PLCM. $\bm{P}_{0}(\bm{m})$ under the original pLCM (Wu et al.,, 2016) satisfies LI and equals a product of $J$ probabilities: $\bm{P}_{0}(\bm{m})=\prod_{j=1}^{J}\{\psi_{j}\}^{m_{j}}\{1-\psi_{j}\}^{1-m_{j}}=\Pi(\bm{m};\bm{\psi})$ , where $\Pi(\bm{m};\bm{s})=\prod_{j=1}^{J}\{s_{j}\}^{m_{ij}}\{1-s_{j}\}^{1-m_{ij}}$ is the probability mass function for a product Bernoulli distribution given the success probabilities $\bm{s}=(s_{1},\ldots,s_{J})^{\top}$ , $0\leq s_{j}\leq 1$ and the parameters $\bm{\psi}=(\psi_{1},\ldots,\psi_{J})^{\top}$ represent the positive rates absent disease, referred to as “false positive rates” (FPRs). For example, in the PERCH data, Respiratory Syncytial Virus (RSV) has a low observed FPR because of its rare appearance in controls’ NPs; Other pathogens such as Rhinovirus (RHINO) have higher observed FPRs.
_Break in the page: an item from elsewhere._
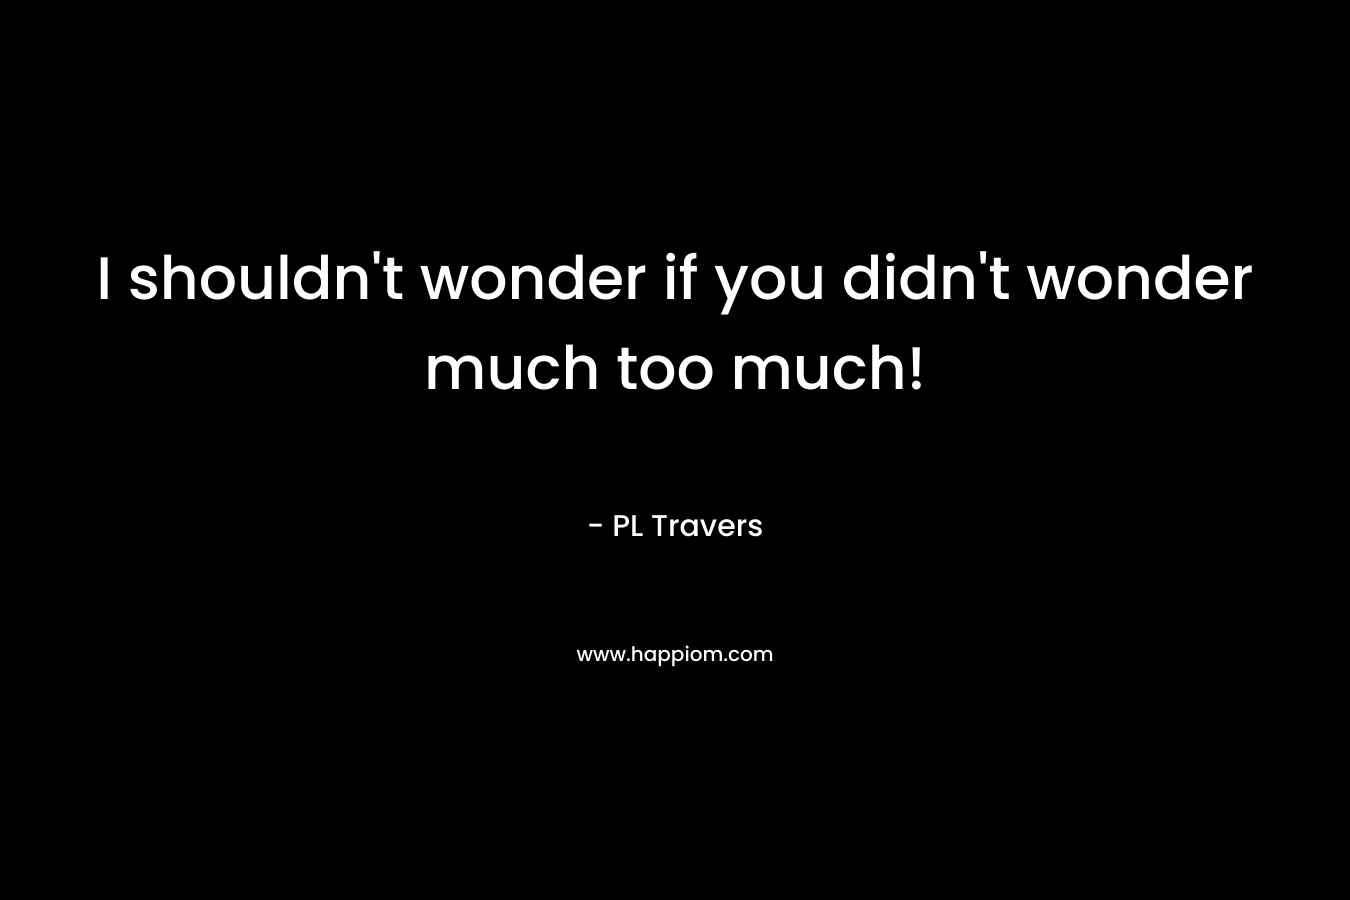 I shouldn't wonder if you didn't wonder much too much!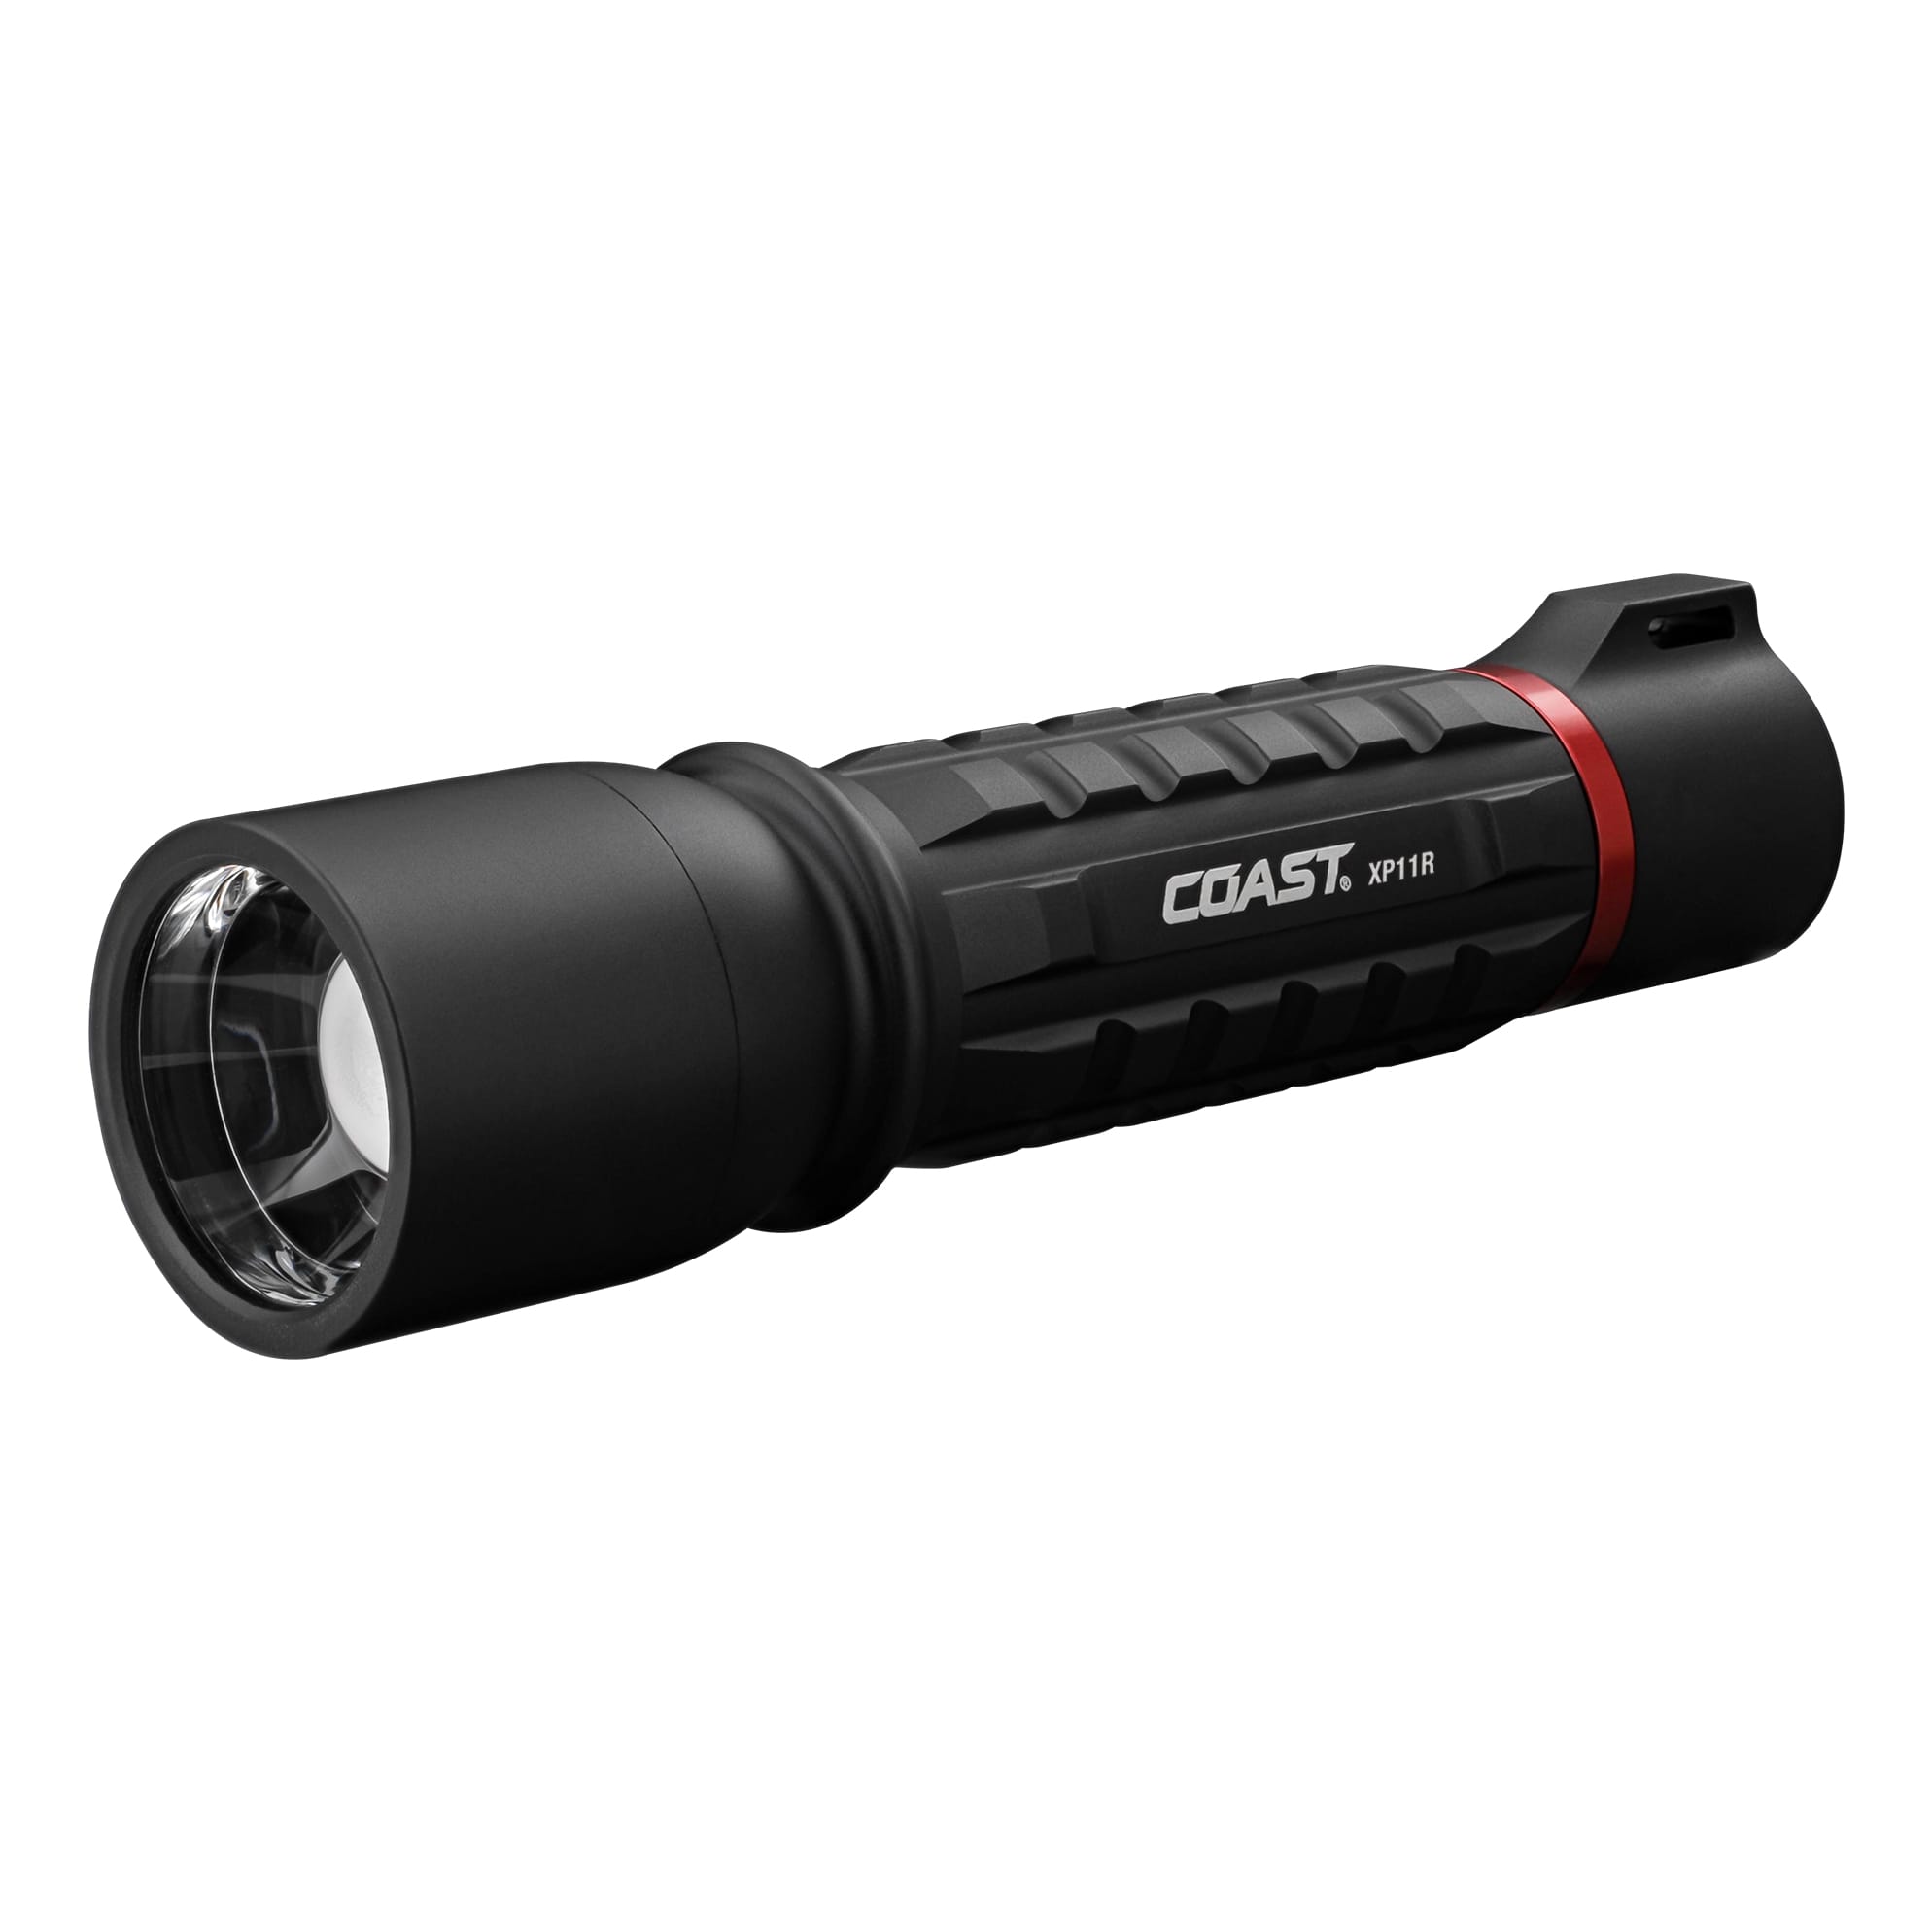 COAST® XP6R 2100 Lumen Rechargeable-Dual Power Flashlight

For $\bm{P}_{1\ell}(\bm{m})$ , the pLCM makes a key “non-interference” assumption that disease-causing pathogen(s) are more frequently detected among cases than controls and the non-causative pathogens are observed with the same rates among cases as in controls (Wu et al.,, 2017). The “non-interference” assumption says that $\bm{P}_{1\ell}(\bm{m})$ in a case class $\ell\neq 0$ is a product of the probabilities of measurements made (a) on the causative pathogen $\ell$ , $\mathbb{P}(M_{\ell}\mid I=\ell,Y=1,\bm{\theta})=\{\theta_{\ell}\}^{M_{\ell}}\{1-\theta_{\ell}\}^{1-M_{\ell}}$ , where $\bm{\theta}=(\theta_{1},\ldots,\theta_{L})^{\top}$ and (b) on the non-causative pathogens $\mathbb{P}(\bm{M}_{i[-\ell]}\mid I_{i}=\ell,Y_{i}=1,\bm{\psi}_{[-\ell]})=\Pi(\bm{M}_{[-\ell]};\bm{\psi}_{[-\ell]})$ , where $\bm{a}_{[-\ell]}$ represents all but the $\ell$ -th element in a vector $\bm{a}$ . The parameter $\theta_{\ell}$ is termed “true positive rate” (TPR) and may be larger than the FPR $\psi_{\ell}$ ; Under the single-pathogen-cause assumption, pLCM uses $J$ TPRs $\bm{\theta}$ for $L=J$ causes and $J$ FPRs $\bm{\psi}$ .

NPLCM. To reduce estimation bias in $\bm{\pi}$ under deviations from LI, the “nested pLCM” or npLCM extends the original pLCM to describe residual correlations among $J$ binary pathogen measurements in the controls ( $I_{i}=0$ ) and in each case class ( $I_{i}=\ell$ , $\ell\neq 0$ ) (Wu et al.,, 2017). The extension is motivated by the ability of the classical LCM formulation (Lazarsfeld,, 1950) to approximate any joint multivariate discrete distribution (Dunson and Xing,, 2009).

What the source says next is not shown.